Book reviews from SimonTremarco

Victoria, Australia

Number of reviews
3
Average review
SimonTremarco's average rating is 3 of 5 Stars.
On Jul 30 2014, SimonTremarco said:
SimonTremarco rated this book 5 of 5 Stars.
The Norton Critical Edition edition by Stephen Shepherd makes for an ideal presentation of Malory, one that strongly evokes the experience of reading the original Winchester manuscript, but at the same time gives plenty of help for the modern reader. Introduction, explanatory notes and glossary are finely judged. Note that this edition is in original spelling and is unabridged: a lower degree of difficulty can be found in Helen Cooper's abridged, modern-spelling edition (Le Morte Darthur: The Winchester Manuscript (Oxford World's Classics)). The editor expresses some hesitation (p. xii) over the decision to break the text up into modern paragraphs, and not simply to reproduce the manuscript's placement of paragraph symbols in unbroken text. It's not a big issue, but I for one would have found this method attractive, the bold paragraph symbols (as I imagine) breaking up the text adequately and giving an even more distinctive, manuscript-like feel to it.

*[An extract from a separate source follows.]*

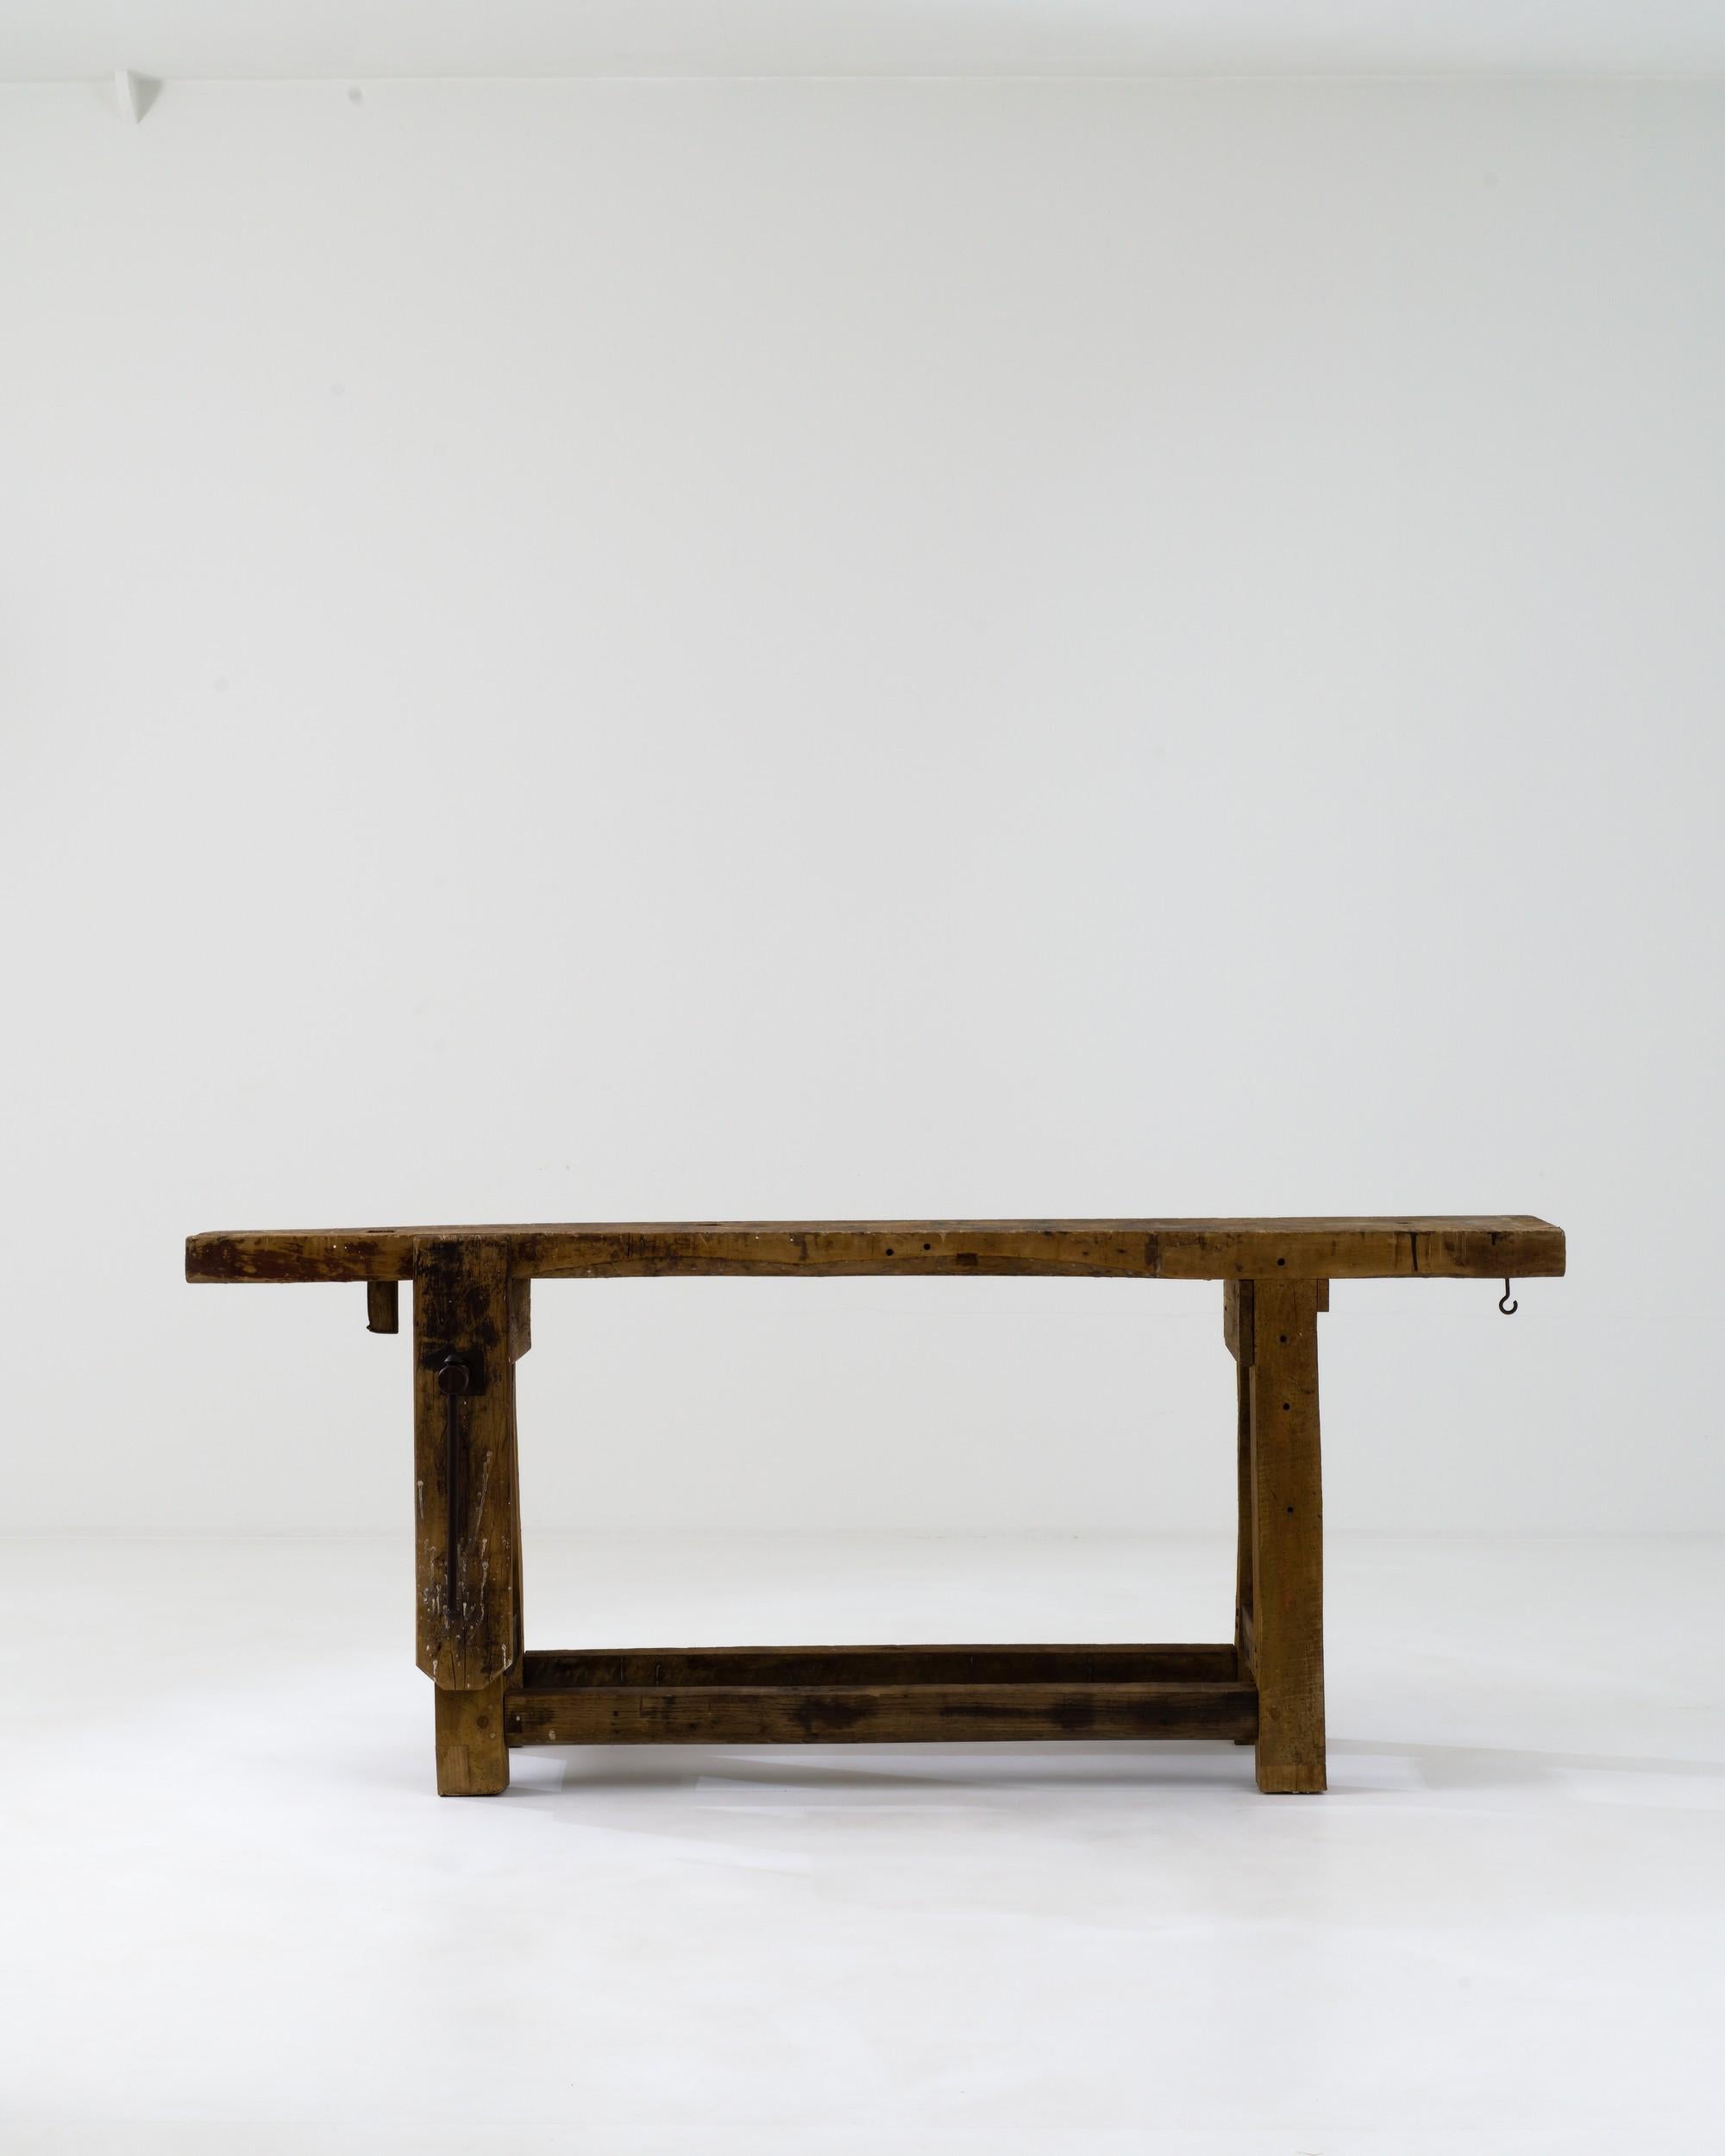 Bearing the marks of numerous artisanal projects, this authentic worktable was crafted in France during the 20th century. Its rectangular top rests on sturdy A-shaped legs, offering a spacious and robust workspace. Several metal details, such as a

The only thing that slightly detracts from the book for me is the typesetting of the verso pages (the left-hand pages of each opening), which goes against traditional practice. Since the text is prose, set justified left and right, the marginal annotations of the left-hand pages could easily have been placed in the outer margin, in a mirror image of the right-hand pages. As it is there is a stark, mostly empty space along the inner edge of the left page, while the text comes to within a few millimetres of the outer edge, disturbing to the eye and leaving no thumb-room. Poetry has to be set this way, of course, with its ragged right edge - and in any case the narrower columns of text are easier to keep clear of the page's edge. But if this is Norton house style for prose, I can't see why it's necessary.
On Dec 16 2010, SimonTremarco said:
SimonTremarco rated this book 2 of 5 Stars.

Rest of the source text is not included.